In a forward pass, autograd does two thing simultaneously:
- Run the requested operation to compute the resulting tensor
- Maintain the operation's *gradient function* in the DAG

The backward runs when the `.backward()` method is called on the DAG root. `autograd` then:
- Computes the gradients from each `.grad_fn`
- Accumulates them in the respective tensor's `.grad` attribute
- Using chain rule, propagates all the way to the leaf tensors

Note:
**DAGs are dynamic in PyTorch**; it is important to note that the graph is recreated from scratch. After each `.backward()` call, autograd starts populating a new graph.This is exactly what allows the use of control flow statements in the model; allow for size, shape and operation changes at every iteration if needed.

### Optional Reading: Tensor Gradients and Jacobian Products
In many cases, we have a scalar loss function, and we need to compute the gradient with respect to some parameters. However, there are cases when the output function is an arbitrary tensor. In this case, PyTorch allows the computation of so-called [Jacobian Products](https://en.wikipedia.org/wiki/Jacobian_matrix_and_determinant), and not the actual gradient.

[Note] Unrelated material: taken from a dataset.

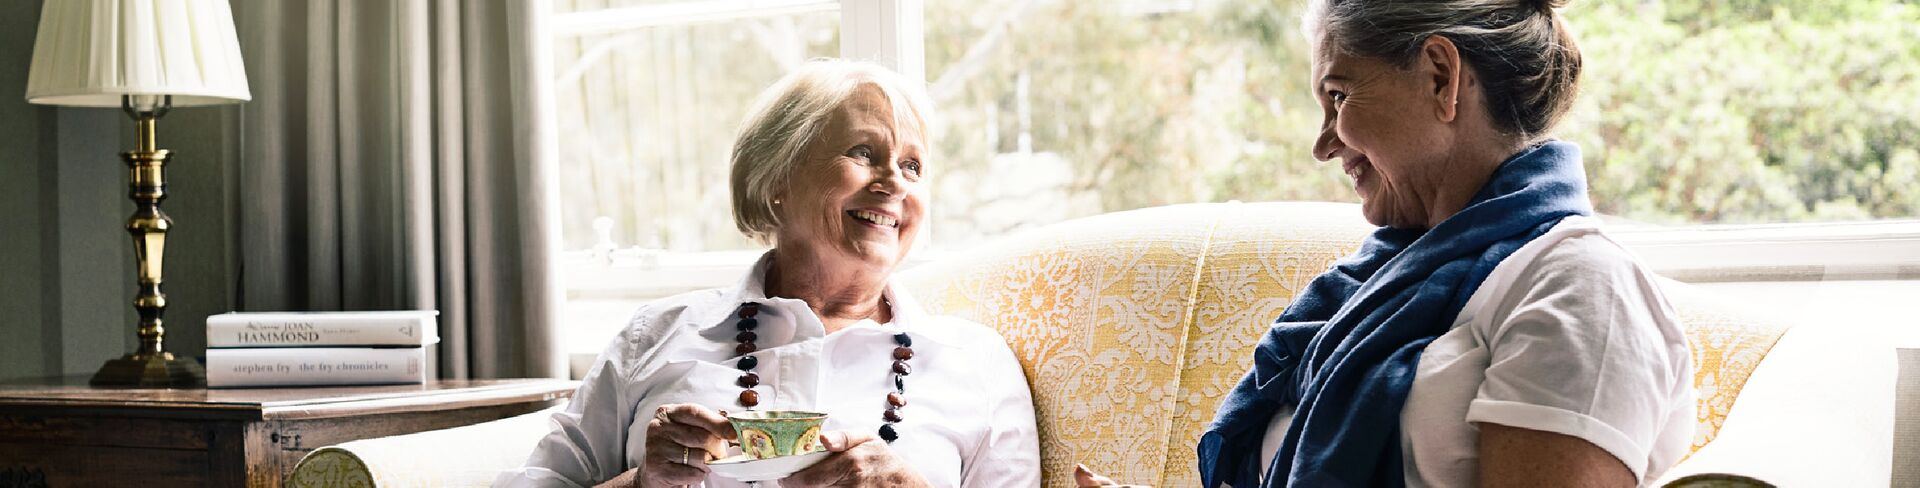 Two women sit on a yellow and white lace-patterned couch and looking at each other, enjoying a cup of tea and a chat. 
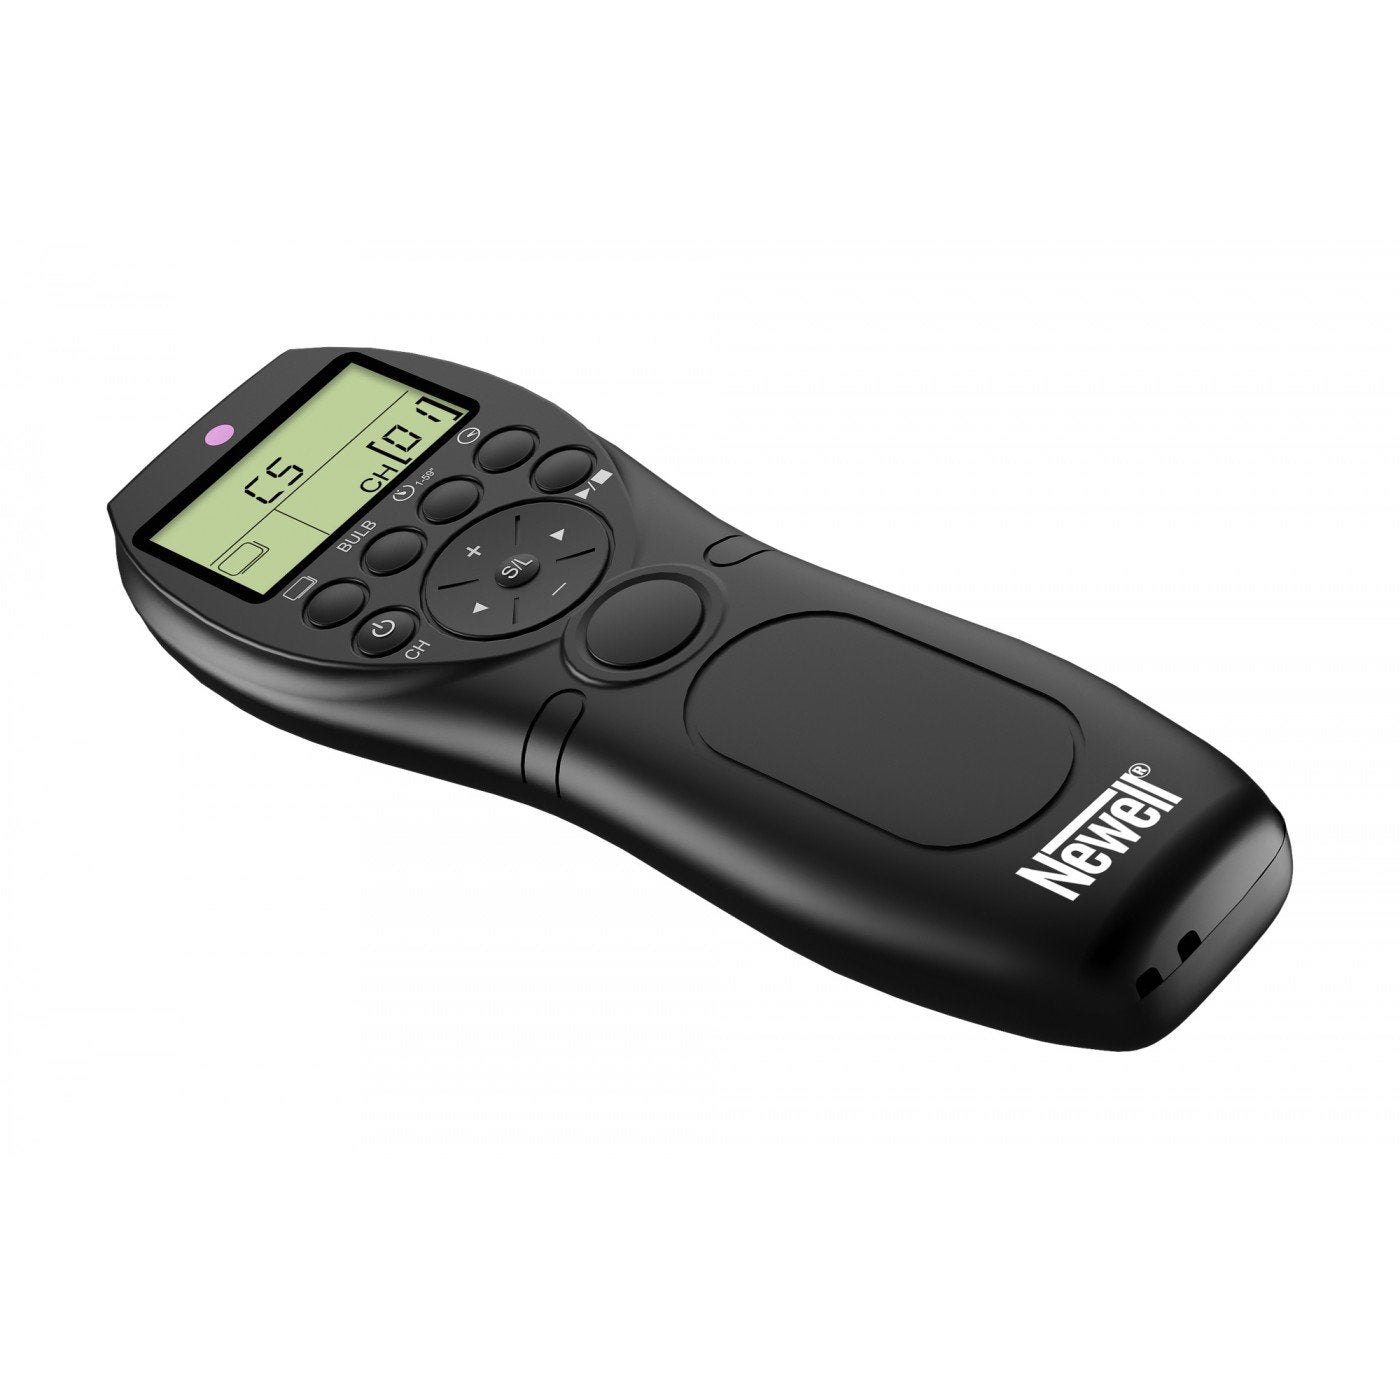 Newell Wireless remote control with intervalometer for Canon

Instead of computing the full **Jacobian Matrix** itself, PyTorch allows you to compute the **Jacobian Product** *v^T . J* for a given input vector, *v*. This is achieved by calling `backward` with *v* as an argument. The size of *v* is the same as the original tensor, with respect to which we want to compute the product.

In [9]:
inp = torch.eye(5, requires_grad=True)
out = (inp+1).pow(2)
out.backward(torch.ones_like(inp), retain_graph=True)
print (f"First call\n{inp.grad}")
out.backward(torch.ones_like(inp), retain_graph=True)
print (f"Second call\n{inp.grad}")
inp.grad.zero_()
out.backward(torch.ones_like(inp), retain_graph=True)
print (f"Second call\n{inp.grad}")

First call
tensor([[4., 2., 2., 2., 2.],
        [2., 4., 2., 2., 2.],
        [2., 2., 4., 2., 2.],
        [2., 2., 2., 4., 2.],
        [2., 2., 2., 2., 4.]])
Second call
tensor([[8., 4., 4., 4., 4.],
        [4., 8., 4., 4., 4.],
        [4., 4., 8., 4., 4.],
        [4., 4., 4., 8., 4.],
        [4., 4., 4., 4., 8.]])
Second call
tensor([[4., 2., 2., 2., 2.],
        [2., 4., 2., 2., 2.],
        [2., 2., 4., 2., 2.],
        [2., 2., 2., 4., 2.],
        [2., 2., 2., 2., 4.]])


Notice that when we call `backward` for the second time with the same argument, the value of the gradient is different. This happens because we are doing *backward propagation*. PyTorch **accumulates the gradients**, i.e. the value of computed gradients is added to the `grad` property of all leaf nodes of the computational graph. If you want to compute the proper gradients, you need to zero out the `grad` property before. In real-life training an *optimizer* helps us to do this.

Note:
We previously call `backward()` function without parameters. This is essentially equivalent to calling `backward(torch.tensor(1.0))`, which is a useful way to compute the gradients in case of a scalar-valued function, such as loss during neural network training.